### [SOURCE DATA]
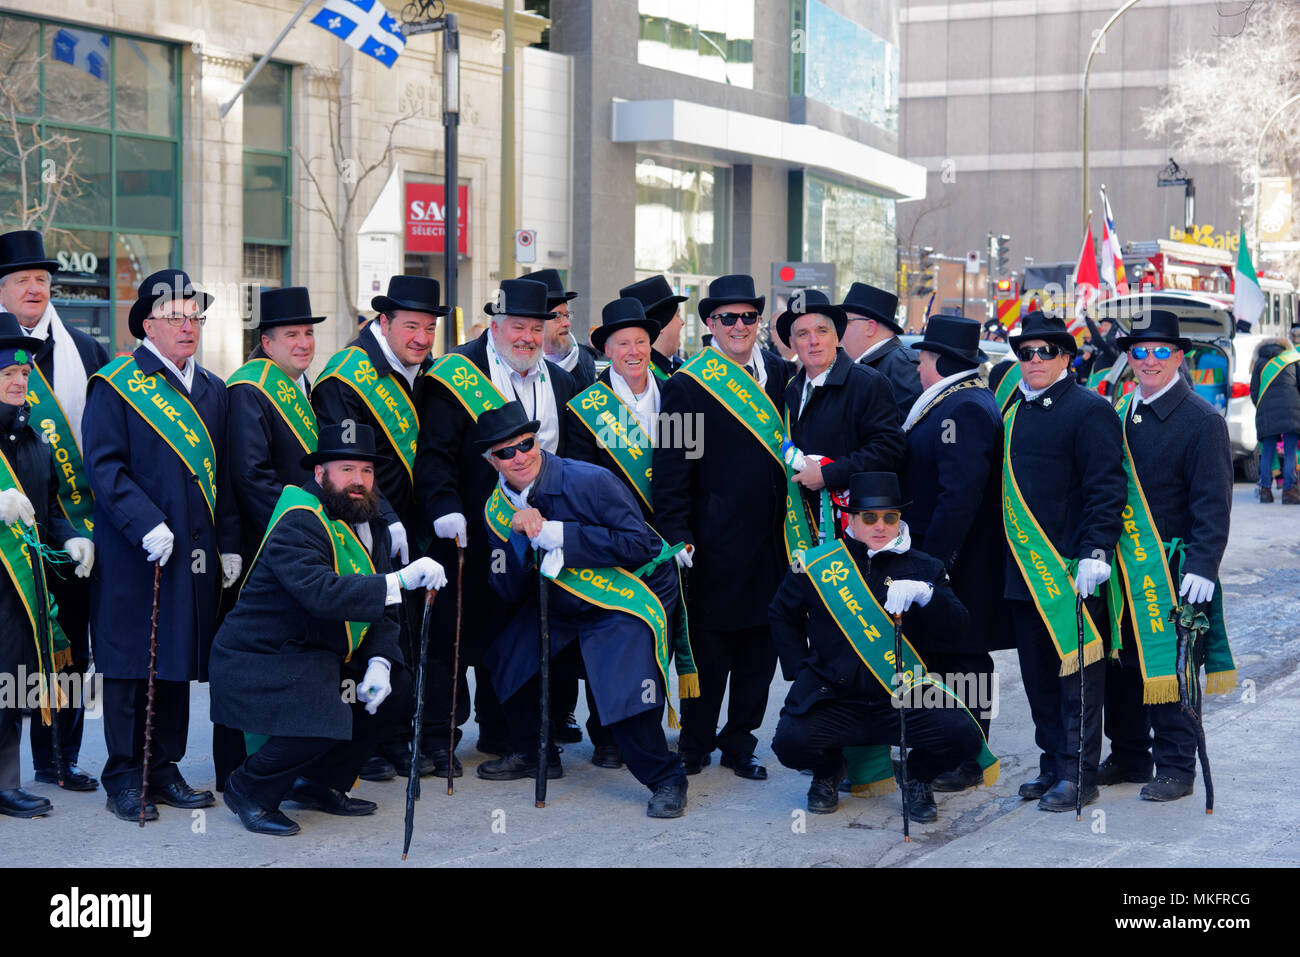 Los miembros de la Asociación de Deportes de Erin posan para una foto en el Desfile del Día de San Patricio en Montreal Foto de stock
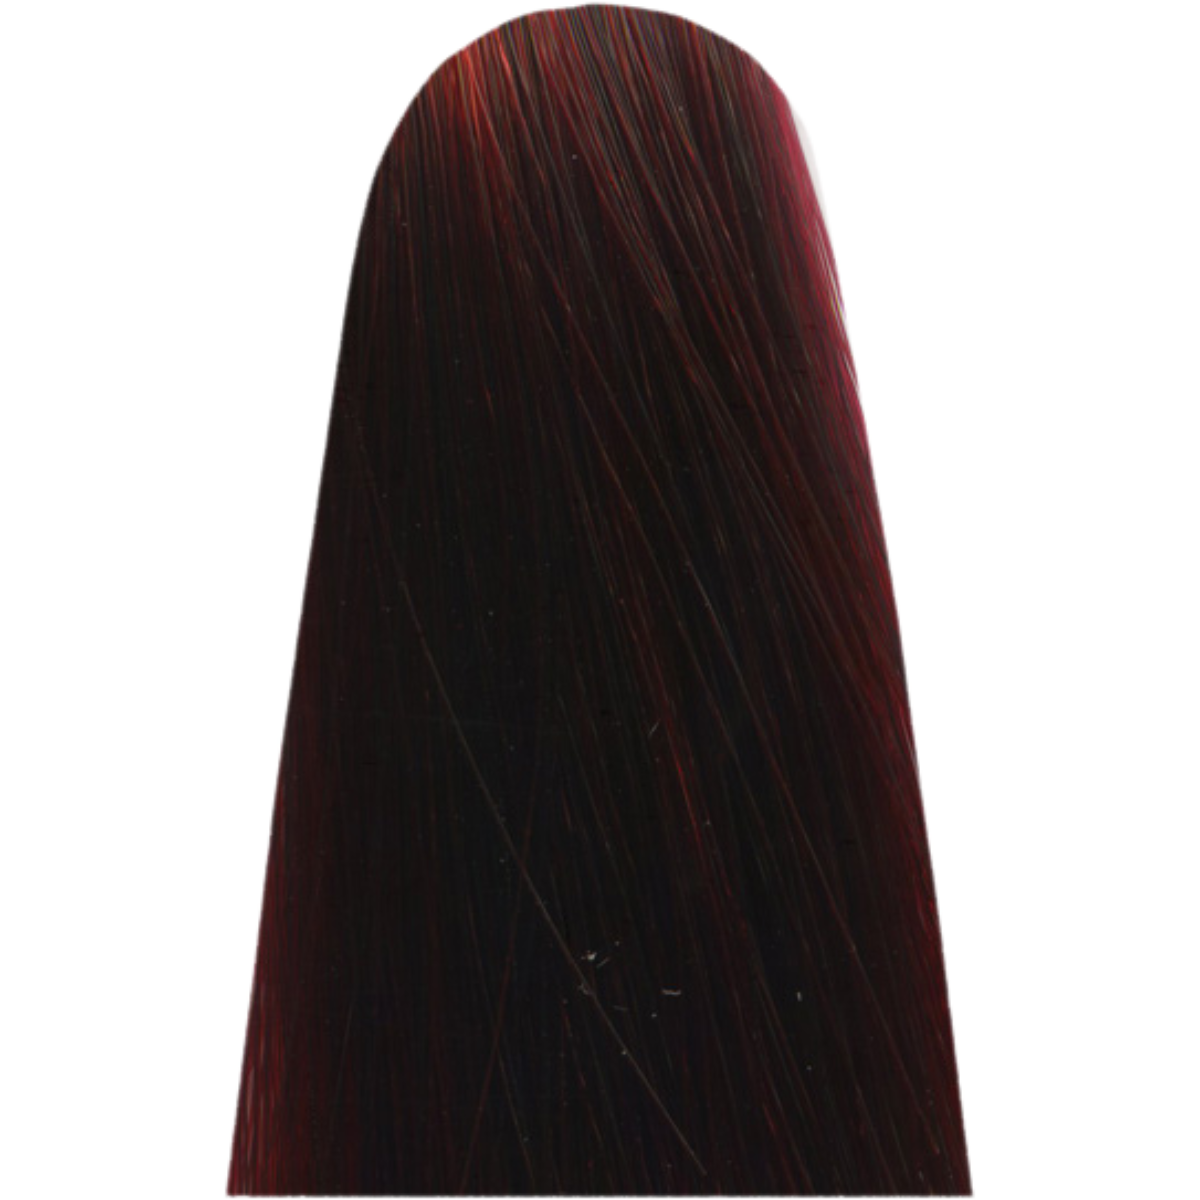 צבע שיער c5,60 אדום LIGHT INTENSE RED BROWN מג`ירל MAJIREL לוריאל צבע לשיער 50 גרם
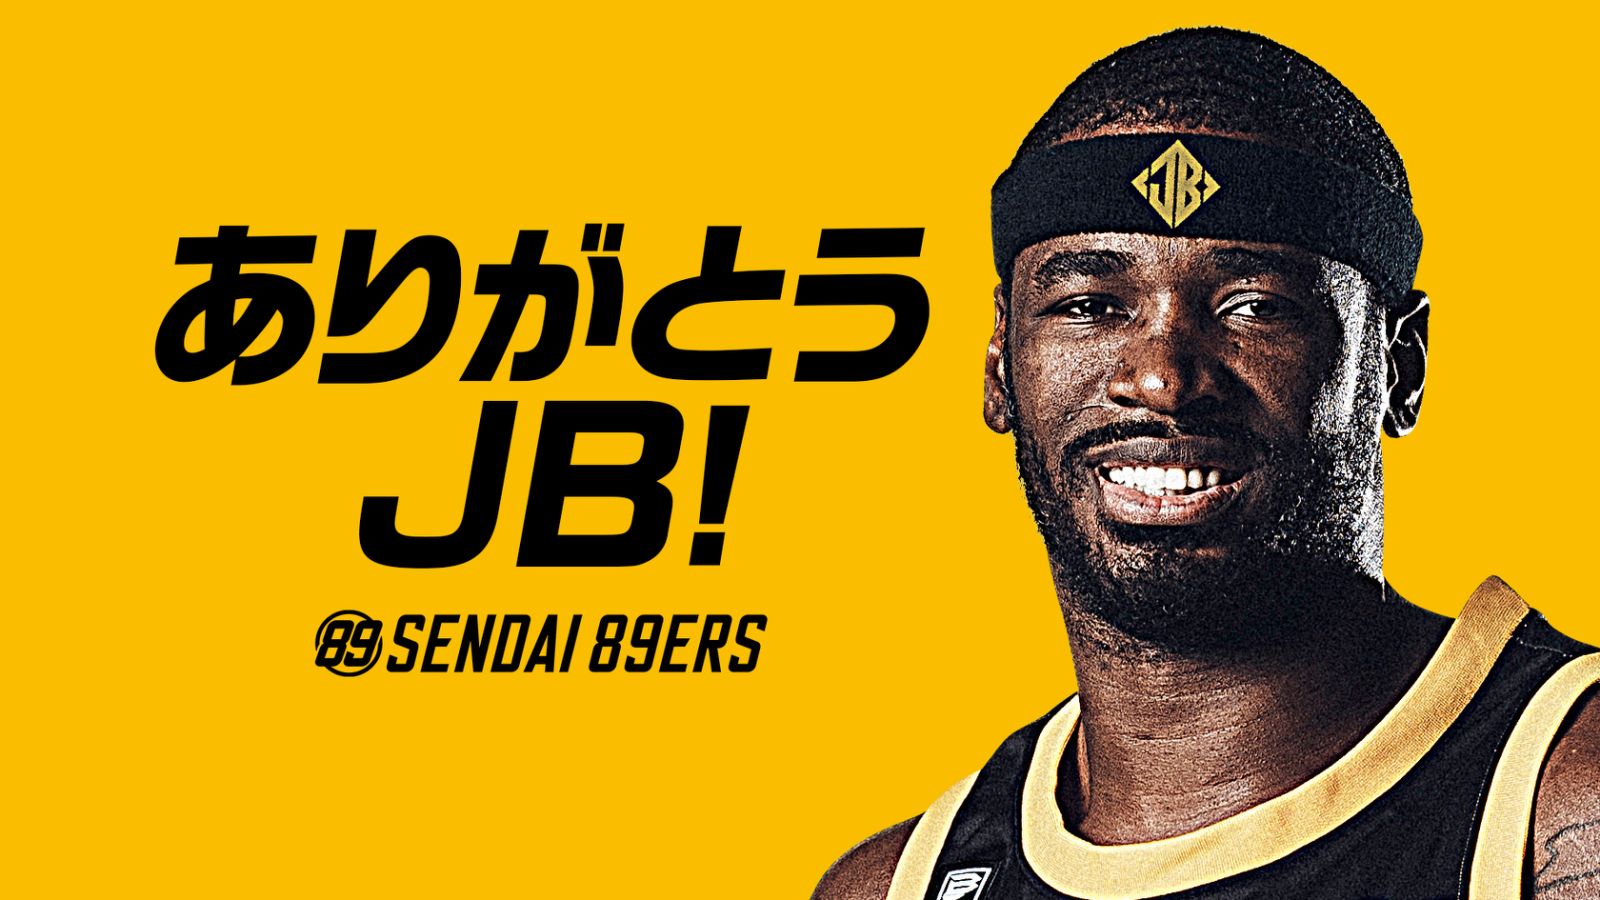 ジャスティン・バーレル選手契約満了と移籍先決定のお知らせ | 仙台89ERS

### [EXERCISE OBJECTIVE]
Before you return the listing, strip out its pictures; all else must match exactly.

### [ANSWER TO THE PROBLEM]
 Los miembros de la Asociación de Deportes de Erin posan para una foto en el Desfile del Día de San Patricio en Montreal Foto de stock
 צבע שיער c5,60 אדום LIGHT INTENSE RED BROWN מג`ירל MAJIREL לוריאל צבע לשיער 50 גרם
 ジャスティン・バーレル選手契約満了と移籍先決定のお知らせ | 仙台89ERS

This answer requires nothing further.